%%

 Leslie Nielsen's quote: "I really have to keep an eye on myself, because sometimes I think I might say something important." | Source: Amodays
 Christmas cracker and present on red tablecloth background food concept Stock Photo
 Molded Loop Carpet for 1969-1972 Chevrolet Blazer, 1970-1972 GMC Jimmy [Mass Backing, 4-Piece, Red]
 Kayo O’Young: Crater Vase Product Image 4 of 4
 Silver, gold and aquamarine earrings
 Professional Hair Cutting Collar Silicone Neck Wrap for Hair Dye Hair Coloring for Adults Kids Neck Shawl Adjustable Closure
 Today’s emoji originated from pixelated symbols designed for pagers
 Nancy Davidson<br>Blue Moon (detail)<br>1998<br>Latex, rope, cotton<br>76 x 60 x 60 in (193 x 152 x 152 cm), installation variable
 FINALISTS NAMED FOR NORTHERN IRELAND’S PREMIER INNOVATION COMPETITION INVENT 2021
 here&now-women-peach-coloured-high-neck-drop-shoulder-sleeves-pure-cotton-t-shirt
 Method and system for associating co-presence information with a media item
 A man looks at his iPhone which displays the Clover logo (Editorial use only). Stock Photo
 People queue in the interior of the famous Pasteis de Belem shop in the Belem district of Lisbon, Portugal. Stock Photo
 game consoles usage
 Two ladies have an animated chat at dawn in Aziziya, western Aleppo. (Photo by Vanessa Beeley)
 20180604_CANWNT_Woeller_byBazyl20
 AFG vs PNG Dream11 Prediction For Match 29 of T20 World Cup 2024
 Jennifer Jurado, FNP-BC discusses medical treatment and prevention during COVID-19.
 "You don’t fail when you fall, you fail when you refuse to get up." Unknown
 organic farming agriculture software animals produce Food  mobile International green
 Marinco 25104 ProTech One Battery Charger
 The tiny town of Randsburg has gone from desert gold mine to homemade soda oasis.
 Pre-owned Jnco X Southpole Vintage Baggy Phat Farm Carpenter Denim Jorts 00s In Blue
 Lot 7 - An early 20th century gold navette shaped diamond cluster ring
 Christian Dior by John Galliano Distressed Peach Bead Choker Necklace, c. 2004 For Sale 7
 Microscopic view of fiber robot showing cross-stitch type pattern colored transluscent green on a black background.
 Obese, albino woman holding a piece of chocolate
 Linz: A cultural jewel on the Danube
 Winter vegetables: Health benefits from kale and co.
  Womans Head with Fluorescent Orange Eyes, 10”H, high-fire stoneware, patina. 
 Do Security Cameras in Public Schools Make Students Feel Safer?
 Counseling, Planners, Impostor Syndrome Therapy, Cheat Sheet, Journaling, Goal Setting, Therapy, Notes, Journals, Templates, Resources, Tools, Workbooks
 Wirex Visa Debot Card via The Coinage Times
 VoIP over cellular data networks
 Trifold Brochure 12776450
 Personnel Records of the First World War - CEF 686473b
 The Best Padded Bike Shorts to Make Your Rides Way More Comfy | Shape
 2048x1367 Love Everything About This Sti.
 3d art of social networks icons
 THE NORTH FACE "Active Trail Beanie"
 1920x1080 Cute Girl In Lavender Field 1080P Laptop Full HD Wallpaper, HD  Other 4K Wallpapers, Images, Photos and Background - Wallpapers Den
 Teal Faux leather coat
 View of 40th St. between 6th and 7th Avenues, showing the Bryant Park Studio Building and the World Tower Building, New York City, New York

%%

**Instructions to follow:**
Search the data for "green". Copy each line that has it.

**Response area:**
 organic farming agriculture software animals produce Food  mobile International green
 Microscopic view of fiber robot showing cross-stitch type pattern colored transluscent green on a black background.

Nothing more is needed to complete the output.